Moldylocks and the Bear. Part 3: Sunday.

October 4, 2021

Illustration of a cabinet-style bee hive.

The Buzz at the Bears’ House

Judging by the buzzing, the bees had traveled easily from the Bear’s old home. 

Mostly.

Skip put his arm around Brockster and steered him around the bee yard while Muffy spread a picnic blanket on the lawn at the edge of the clearing. 

“Listen close. Do you hear it?” asked Skip. 

Brockster listened. “Seven?”

“Yep, sounds like we have a problem. Let’s take a look.” 

They wove among the hive cabinets toward the far end of the clearing, toward Hive Number 7. 

Bees make many buzzes. High frantic whines of worry. Low halting hiccups when they’re harried. Murmuring hums of contentedness. Sonorous sleep songs. And, occasionally, the fitful whir of fretfulness. That was the sound coming from Hive 7. 
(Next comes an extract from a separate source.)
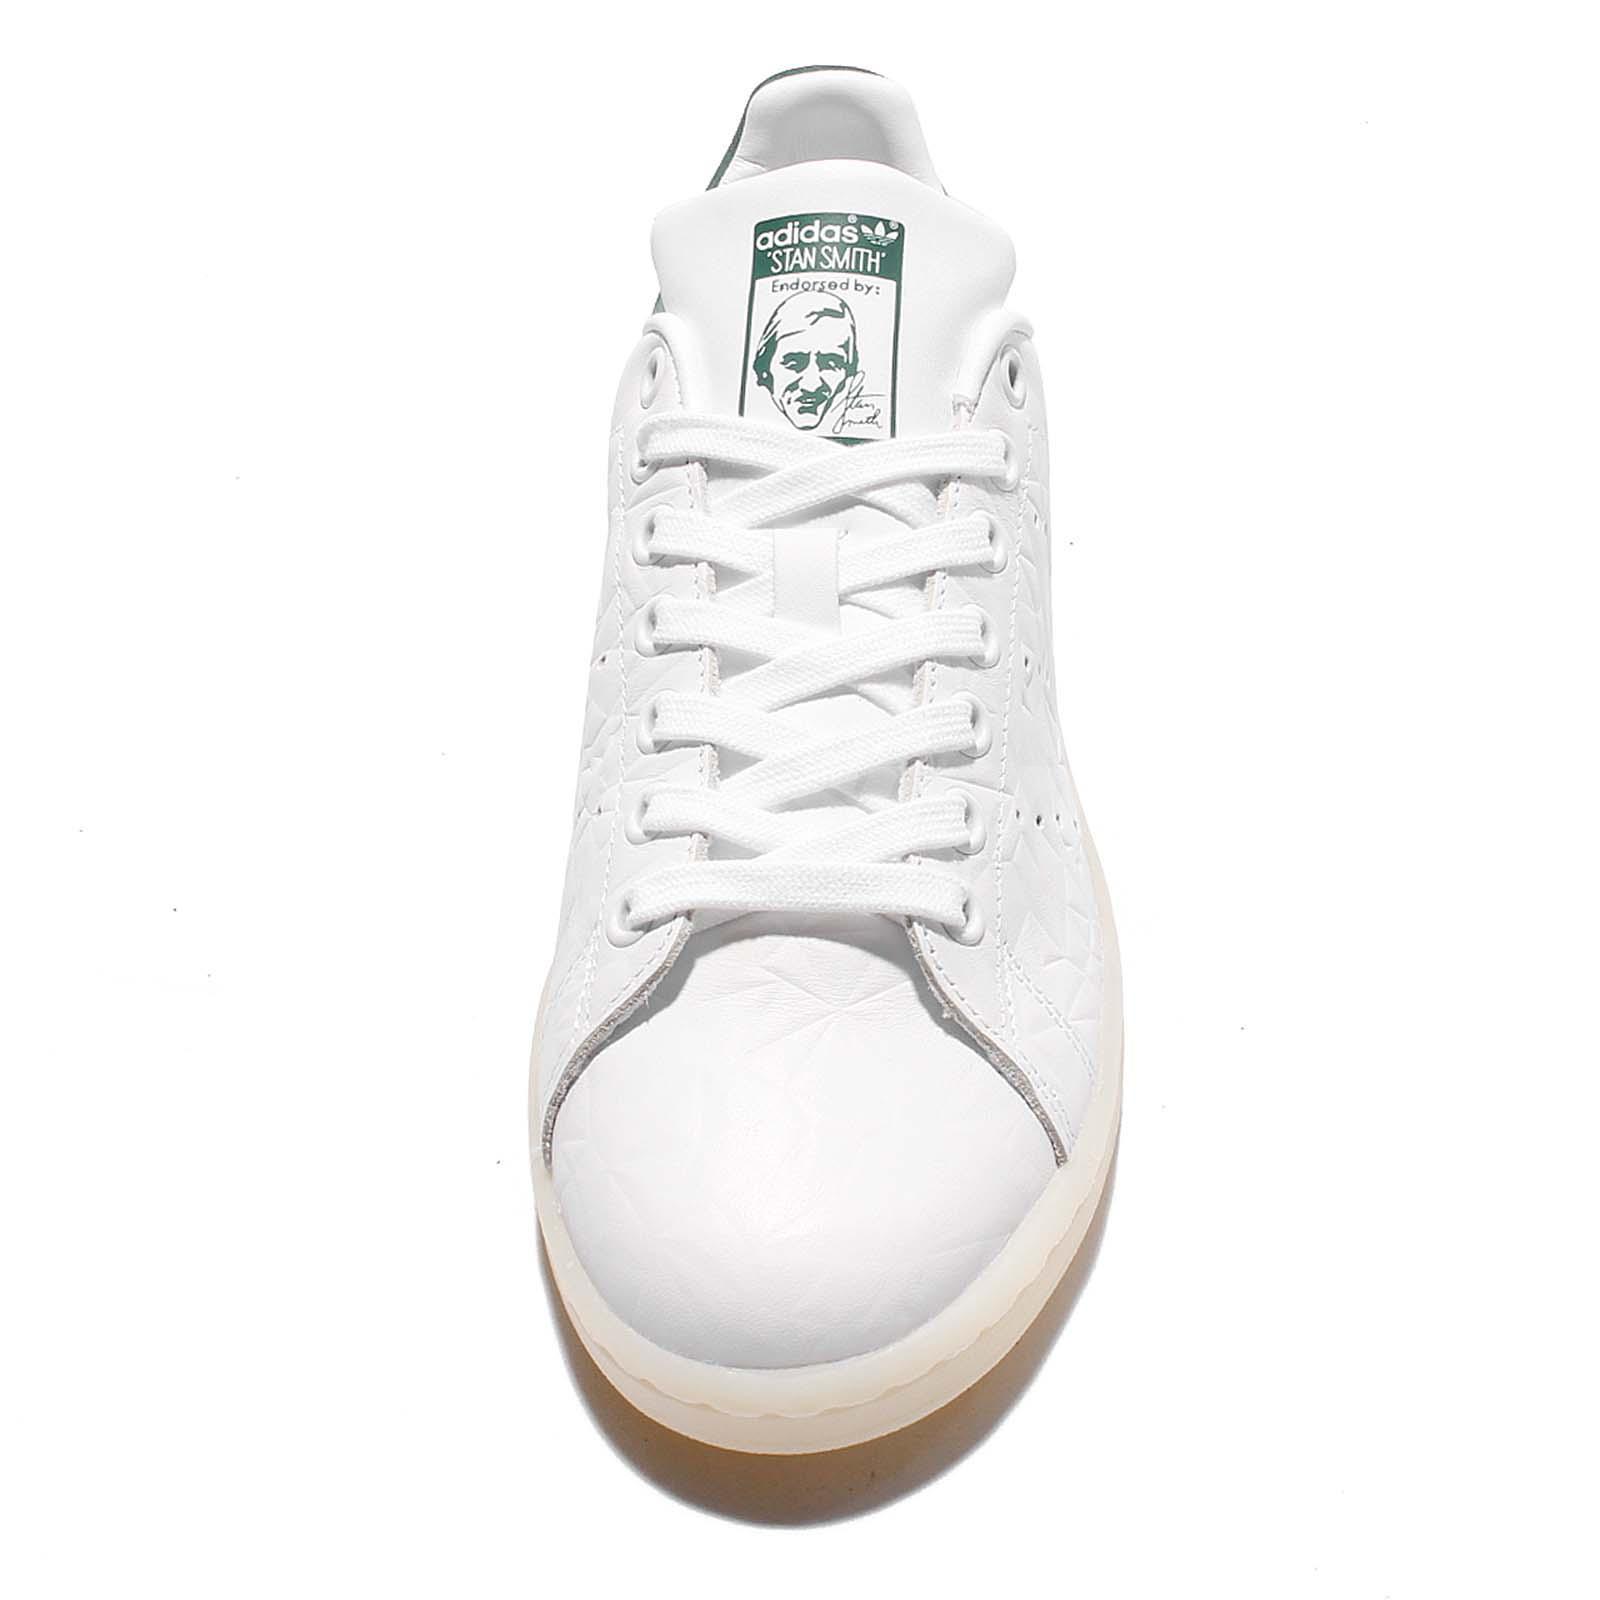 pretty nice b1f91 56c9d best price adidas stan smith sizing guide f4f39 0844e

Skip quickly pulled open the under-cabinet drawers and grabbed a beekeeping mask for Brockster and himself. When they lifted the hive lid, a squadron of bee soldiers immediately burst forth and swarmed their faces. Brockster flinched, despite the mask.

“I’ve never seen them this agitated!” 

“Breathe and be calm,” said Skip. “They’re just protecting their own.” 

Once the soldiers had finished their reconnaissance of the bears’ heads, they dropped off and returned to the hive to keep watch. Skip pointed toward a strangely thick cluster of bees. He told Brockster to reach in and gently clear them away. 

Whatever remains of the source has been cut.